There are dozens and dozens of them scattered around the GTA. Some are office buildings; some are residential, with downtown condominiums being popular. There’s a good sprinkling of high-rise construction in other major Canadian cities, but nothing to compare with what’s happening in Toronto.
Highrises, however, can be divisive. In residential areas, people complain that their once-sunny properties are now shaded much of the time. Others complain about the increased density in their neighbourhoods.
In many cities, densification is a real hot-button issue. Everyone claims to understand the reasons for it, as long as it’s in someone else’s neighbourhood.
Korky Koroluk
But there is a large and growing body of research that tells us that highrises are more energy efficient, that they reduce infrastructure costs as they replace urban sprawl, that they result in fewer cars on the road as people give up the commutes they love to hate as they make their way between the city core and their single-family suburban homes.
More and more attention is being paid to cities and their problems — if not by our governments, at least by many residents and some academics. Richard Florida, the director of the Martin Prosperity Institute at the Rotman School of Management at the University of Toronto, is a noted scholar who has equated density with innovation, and Canada is starved for innovation in all its business sectors.
Florida recently teamed up with Atlantic magazine to produce an informative website, The Atlantic Cities , that is a continuing study of all the problems and opportunities of cities. You can subscribe to a daily newsletter from the site that offers five or six articles, and most make interesting reads. Now, an international group called the Council on Tall Buildings and Urban Habitat is, for the first time in its 42-year history, getting involved in research to aid the developers, architects and builders of the really tall buildings, the ones that people are now referring to as the “supertalls” or “supertowers”.
Next year, the group plans to publish five design guidelines on natural ventilation, foundations, column shortening, performance-based seismic design, structural outriggers and wind-tunnel testing. It is also beginning a $20-million fire study. The culmination of that study will be a real building burn.
Most folks have never heard of the council, but it claims to reach about half a million people worldwide if you count the staff of member firms. It held its annual conference in Seoul, Korea, last month, and drew an attendance of about 800 people.
Most supertalls are in Asia, but the rebuilt One World Trade Center, due for completion in 2013, will qualify, and will rank sixth in the world and something over 530 metres in height.
Some of the supertalls are, or will be, immense. The tallest under construction (but not above grade yet) is the PingAn Finance Center in Shenzhen, China, which will top out at 660 metres. To give you a point of comparison, the CN Tower in Toronto is 553 metres.
The tallest of all, though, will be the Kingdom Tower, which is expected to be under construction within a few months. It will be slightly more than 1,000 metres tall.

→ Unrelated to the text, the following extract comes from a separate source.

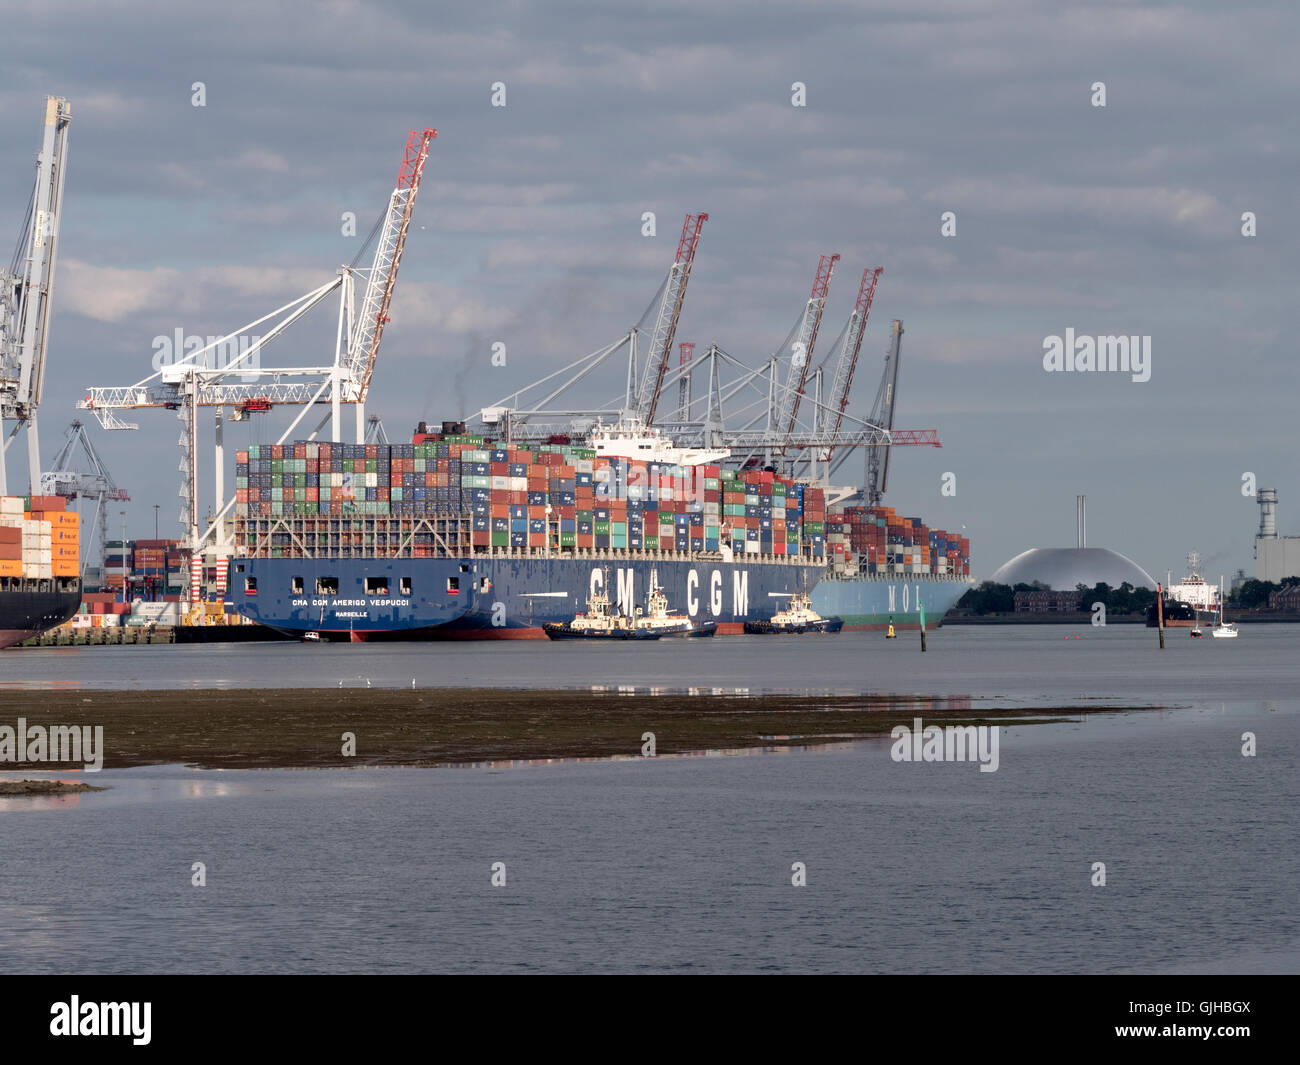 CMA CGM Amerigo Vespucci, porte-conteneurs, accostage à port à conteneurs, les quais de Southampton, Southampton, Hampshire, England, UK. Banque D'Images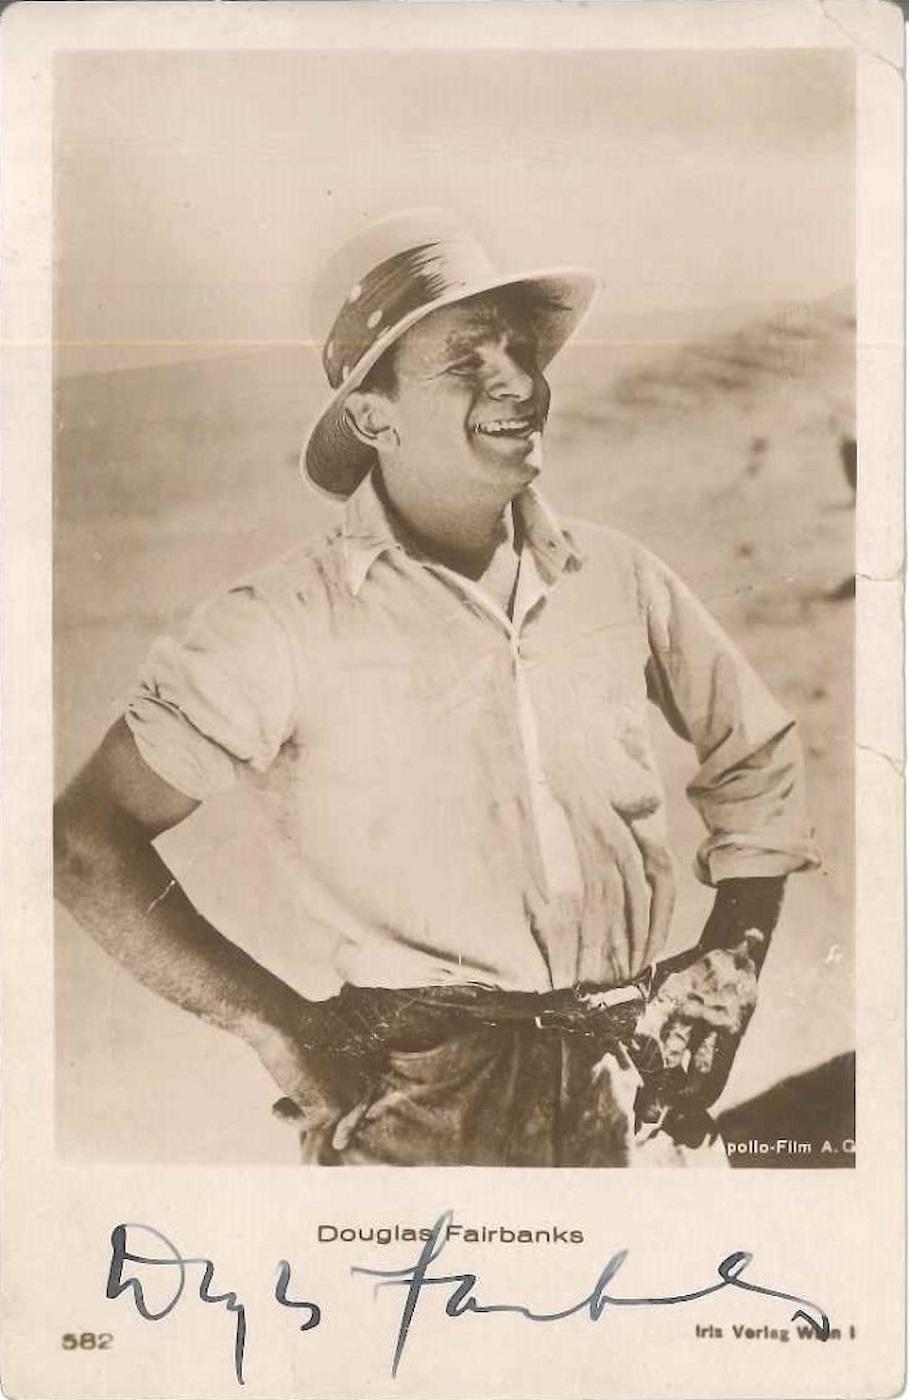 Unknown Portrait Photograph - Photo-postcard with Portrait and Autograph by Douglas Fairbanks - 1930 ca.

That’s a kilometre. That’s tall.
When first conceived, it was dubbed the Mile High Tower, but that design was abandoned before it was completed, and the project scaled back, if a kilometre-tall building is scaling back.
The Kingdom Tower will be in Jeddah, Saudi Arabia, with a preliminary cost estimate of about US$1.3 billion. It’s a project of Prince Al-Waleed bin Talal, a nephew of Saudi King Abdullah.
It’s supposed to be finished in 2016-2017.